- Promotional poster

Chinese name
- Traditional Chinese: 凶宅專賣店

Standard Mandarin
- Tongyong Pinyin: Syōngjhái jhuānmài diàn

Southern Min
- Tâi-lô: ok-tshù tsuan-bē-tiàm
- Genre: Horror Thriller
- Written by: Lin Pin-chun; Yeh Ching-ju;
- Directed by: Lester Hsi; Hao Fang-wei;
- Starring: Christopher Lee; Hong Huifang; Shih Ming-shuai; Fandy Fan; Buffy Chen; Allison Lin;
- Country of origin: Taiwan
- Original languages: Taiwanese Mandarin, Taiwanese Hokkien
- No. of seasons: 1
- No. of episodes: 10

Production
- Producer: Lo Pei-yi
- Production company: True Fun Entertainment

Original release
- Network: Disney+
- Release: January 16, 2026 – present

= Haunted House Secrets =

2026 Taiwanese horror drama television series

Haunted House Secrets (凶宅專賣店) is a 10-episode original Taiwanese horror television series that premiered on Disney+ on January 16, 2026. The series was inspired by real-life events.

==Plot==
Haunted House Secrets follows the protagonist A-Ze, who decides to sell the haunted house he has lived in for many years in order to raise money for his younger sister Hsin Ai's heart transplant. However, by chance, he becomes a rookie real estate agent at "Yi-Sheng Realty", a shop specializing in selling haunted houses. This haunted house specialty store is home to a group of partners with distinct personalities, who partners with a psychic team to resolve the lingering obsessions, regrets, and grudges of restless spirits attached to these homes.

==Cast==

| Actor | Role | Description |
|---|---|---|
| Christopher Lee | Tseng Kuo-hsiung | Owner of "Yi-Sheng Realty". |
| Fandy Fan | A-Ze | A rookie real estate agent who decides to sell the haunted house he has lived in for many years in order to raise money for his sister's heart transplant. |
| Buffy Chen | Hsiao Mo | Psychic girl |
| Hong Huifang | Pi Ying-hsüeh | Psychic granny. |
| Shih Ming-shuai | Chen Yung-jen | Estate agent. |
| Allison Lin | Chiu Wan-yü | Chen Yung-jen's wife, who is also a police officer. |

==Production==
Director Lester Hsi stated that his creative inspiration came partly from the South Korean film Along with the Gods: The Two Worlds. He pointed out that as an Asian country that also values funeral rites and folk beliefs, Taiwan also has the cultural foundation to develop its own narratives on the themes of life and death. Hsi believes that in addition to creating a suspenseful atmosphere, the work also hopes to convey emotional warmth and guide the audience to view themes such as haunted houses and the dead from different perspectives.
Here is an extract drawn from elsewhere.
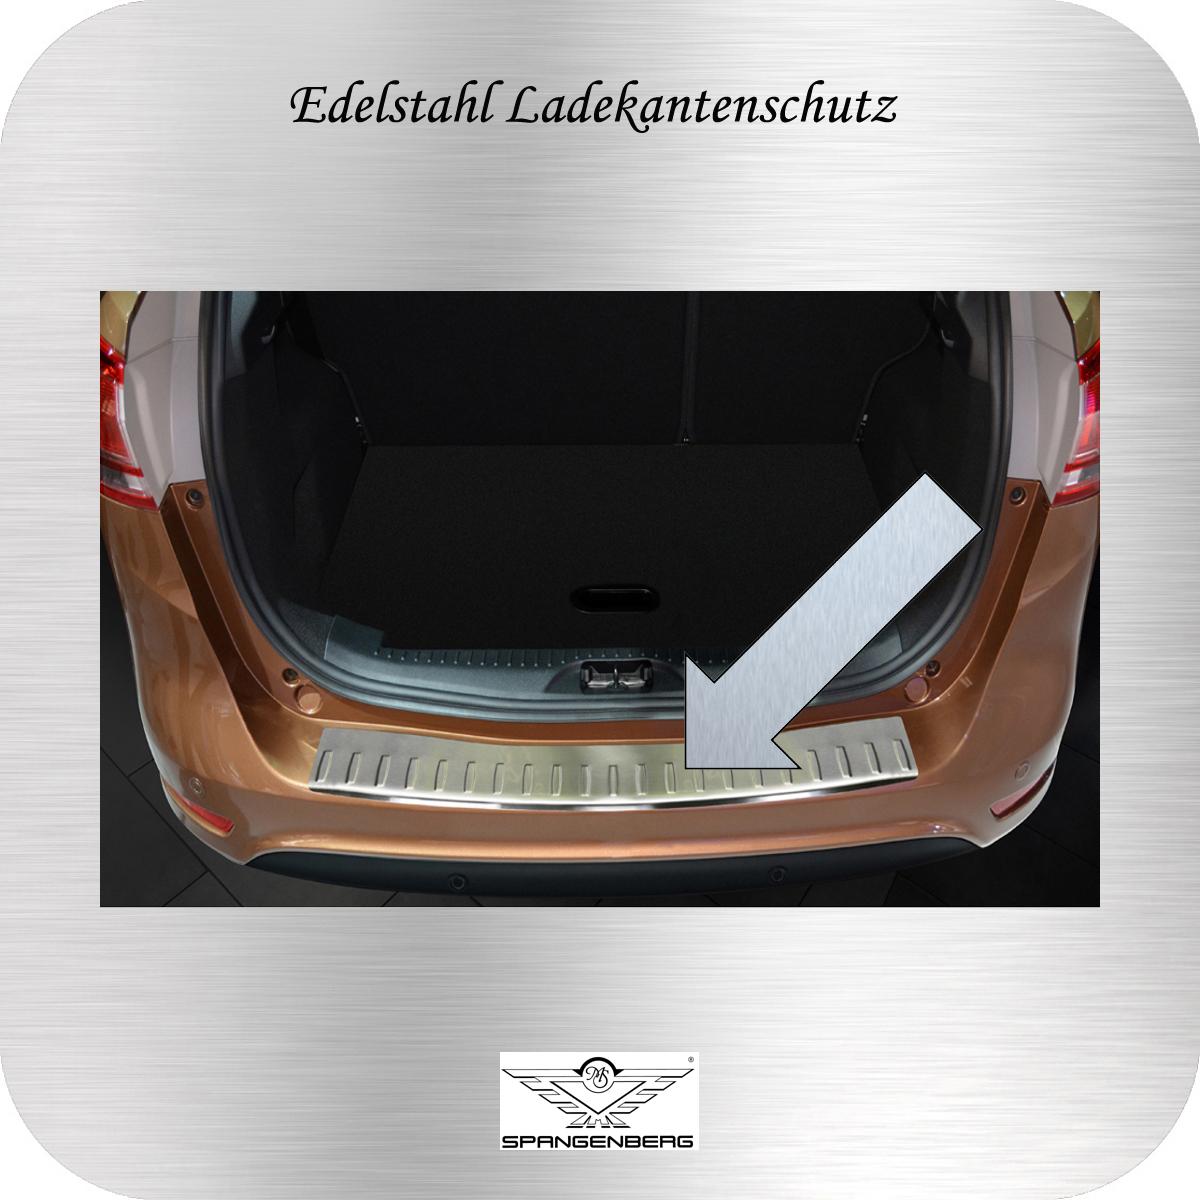 Ladekantenschutz Edelstahl Ford B-Max Van Kombi 2012- 3235693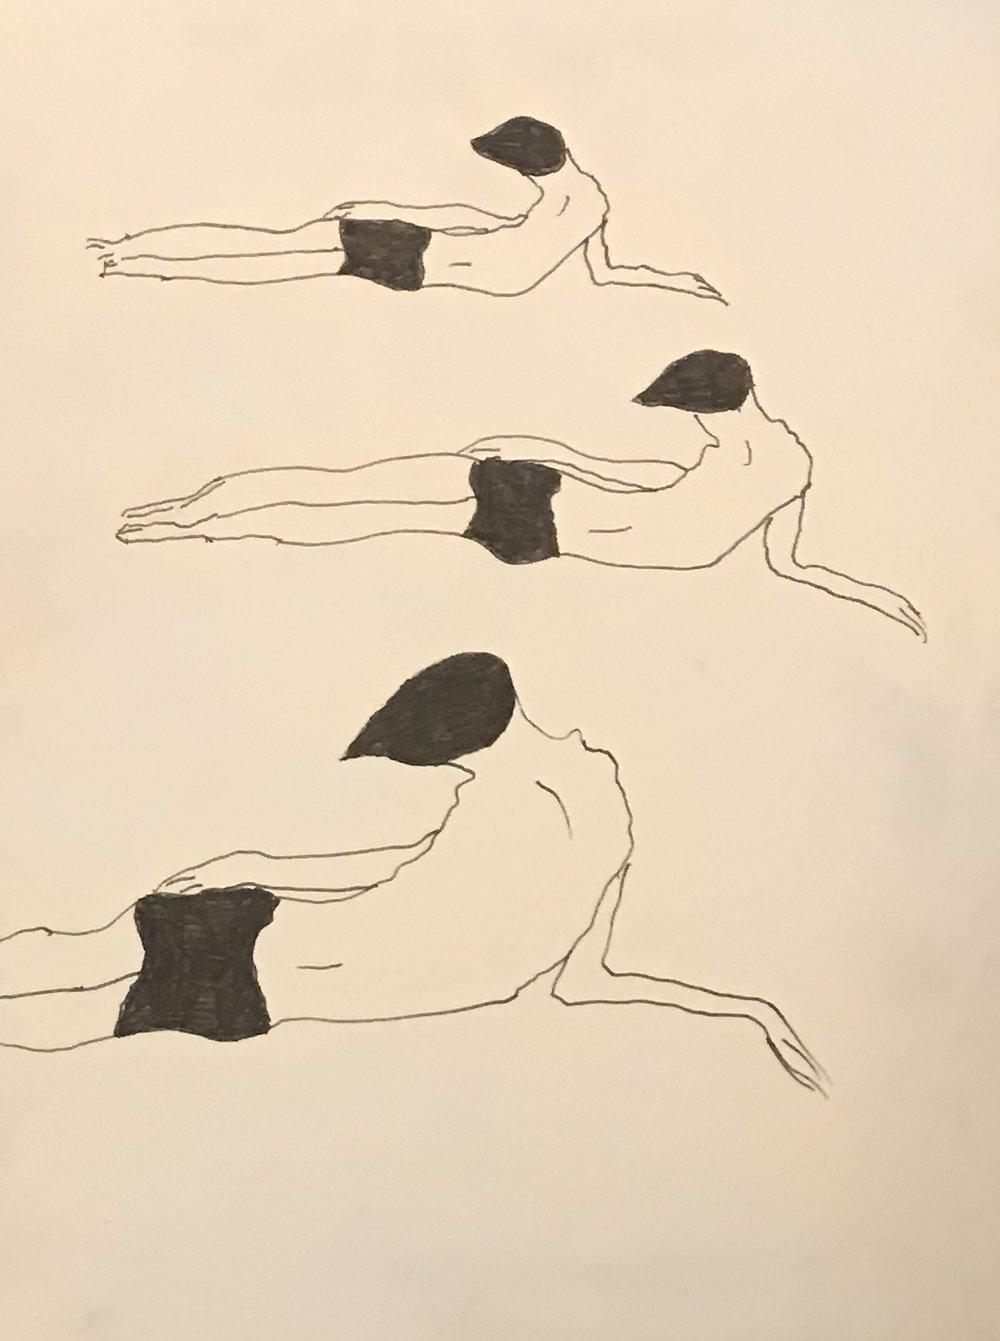 3 boys, pen&ink, 9x12, $25

The principal photography of the film began in March 2024.

==Release==
On 27 June 2025, the first two episodes of Haunted House Secrets premiered at the Taipei Film Festival at Zhongshan Hall. An illustrated poster designed by visual artist Steven Tung was also unveiled on the same day. The two directors, producer Lo Pei-yi, and the main cast attended the premiere. A media tea party was held on 24 January, where the main cast members gave interviews.

The series premiered on Disney+ on 16 January, 2026, with two episodes released every Friday. Within 48 hours of its release, the show ranked number one on Disney+'s trending charts in Taiwan.